Could my PH really be 5.7??

asn-naso

Dolphin
M.A.S.C Club Member
#1
I'm getting pretty frustrated with my RKE and my PH.

When I bought the RKE (Used), the PH probe was just calibrated, and worked great for at least 6 months. Then it started to flake out. I bought some new calibration fluid, and ended up ordering a new probe (Pinpoint). I calibrated the Pinpoint prob and it seemed to be ok for 3-4 weeks, but started freaking out like the other one.

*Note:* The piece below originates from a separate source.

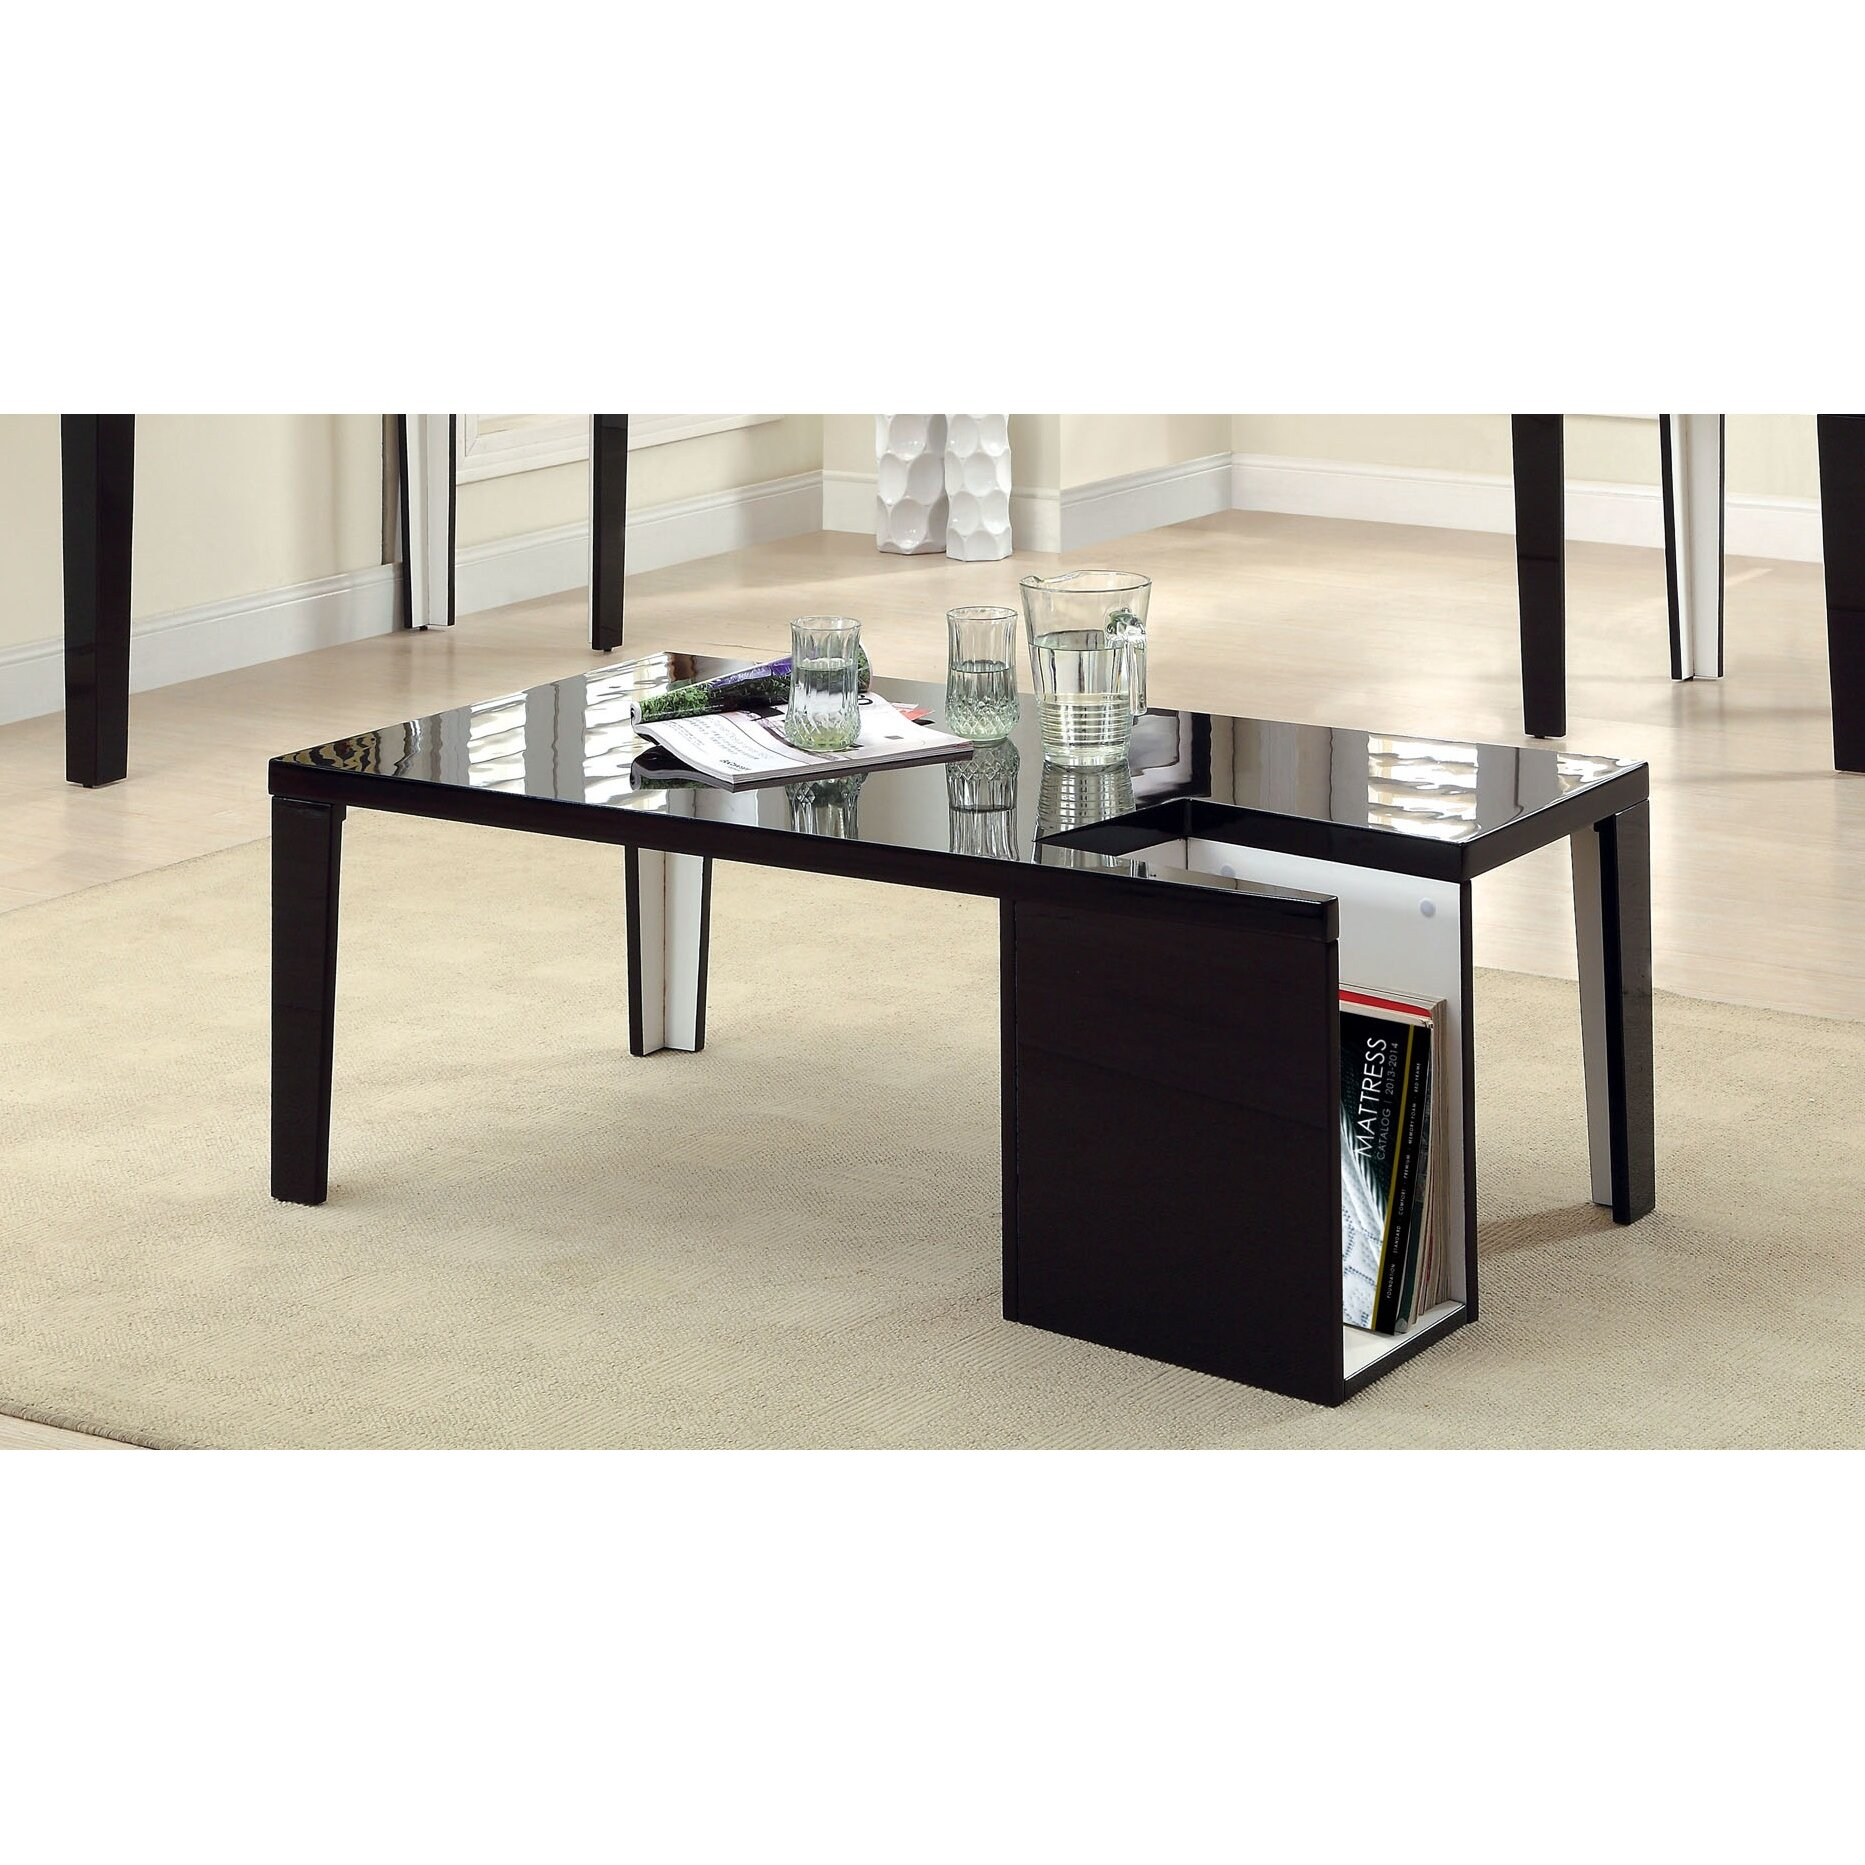 Hokku Designs Zedd Coffee Table With Magazine Rack Reviews Wayfair

Last night I calibrated it again, then did again this afternoon. As of right now, my RKE says 5.68. If I put it back into the 7.0 calibration fluid it went to 6.89. I did not try the 10, because it goes bad pretty fast. Feeling frustrated, I put it into some kalk, and it went to 12.02.

Also, each time I test my water with my PH kit (API) it shows 8.1 ish. A little low, but not horrible.

My parameters are:

Calc - 380 (A little low)
Alk - 8 (I've never been able to get it much higher, and decided to try and keep it stable)
Mag - 1200 (could be a little higher - I've been adding BRS mag to raise it, but it won't go any higher)

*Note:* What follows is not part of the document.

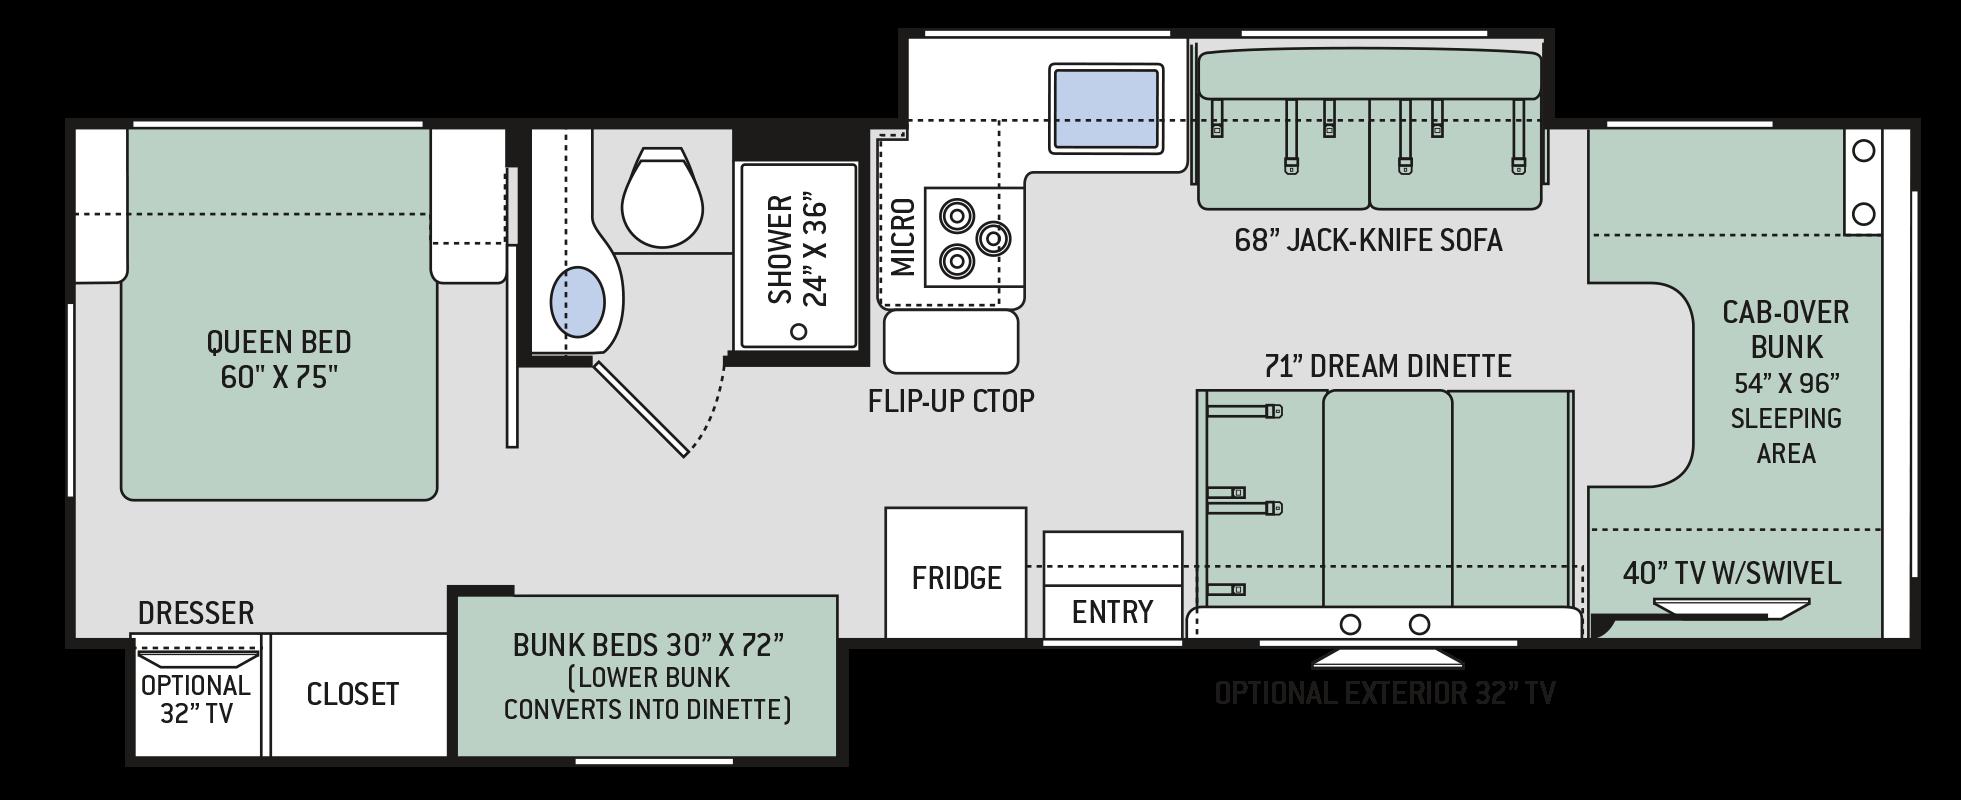 Chateau Class C Motorhomes - Floor Plan: 30D

I dose with BRS 2 part, and mag. I did dose with baking soda for a while when my PH was too high, but have been using the soda ash for 6-8 weeks.

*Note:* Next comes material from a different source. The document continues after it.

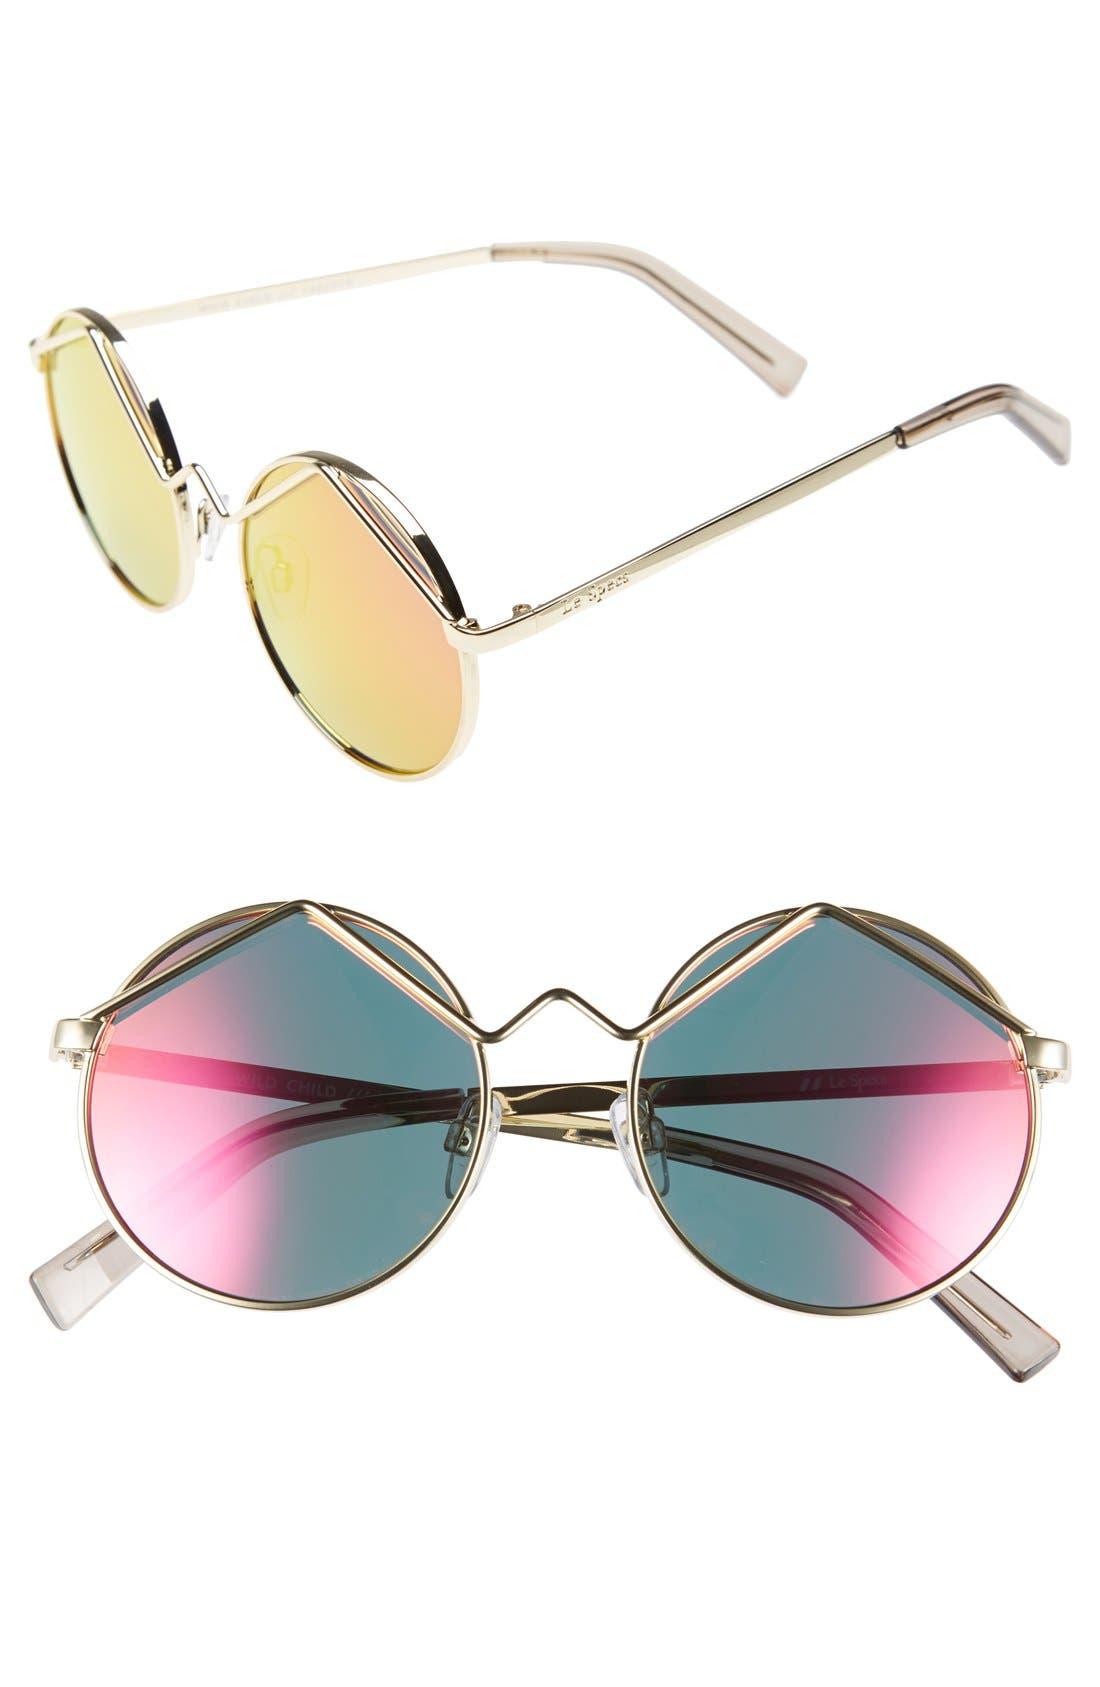 Main Image - Le Specs 'Wild Child' 52mm Sunglasses

I also noticed my salinity is 1.028, I think it's from the mag. This should be an easy fix.

And, what's weird is, my livestock seems to be pretty happy. I have lots of coraline, and lots of growth. The only weird thing I've noticed recently about my livestock is my sand sifting star was climbing up my tank wall. But that's only happened once. -- I also lost my blue boobies about 2.5 months ago, when I started to fight the PH battle. All of my other SPS/Zoas/LPS corals are doing great.
 

FinsUp

According to my watch, the time is now.
M.A.S.C Club Member
#2
ph probes are notoriously wrong, and chasing pH is a recipe for disaster. I'd ignore your pH readings if your tank is doing fine. Just my pair of pennies.
 

Andrew_bram

Tiger Shark
M.A.S.C Club Member
#3
Could my PH really be 5.7??

I would definitely raise my mag. IMO don't raise by more then 100 in a day. What size tank is this again.
 

jahmic

Reef Shark
M.A.S.C Club Member
#4
As much as I dislike API kits...those tests are probably more reliable than your probe right now.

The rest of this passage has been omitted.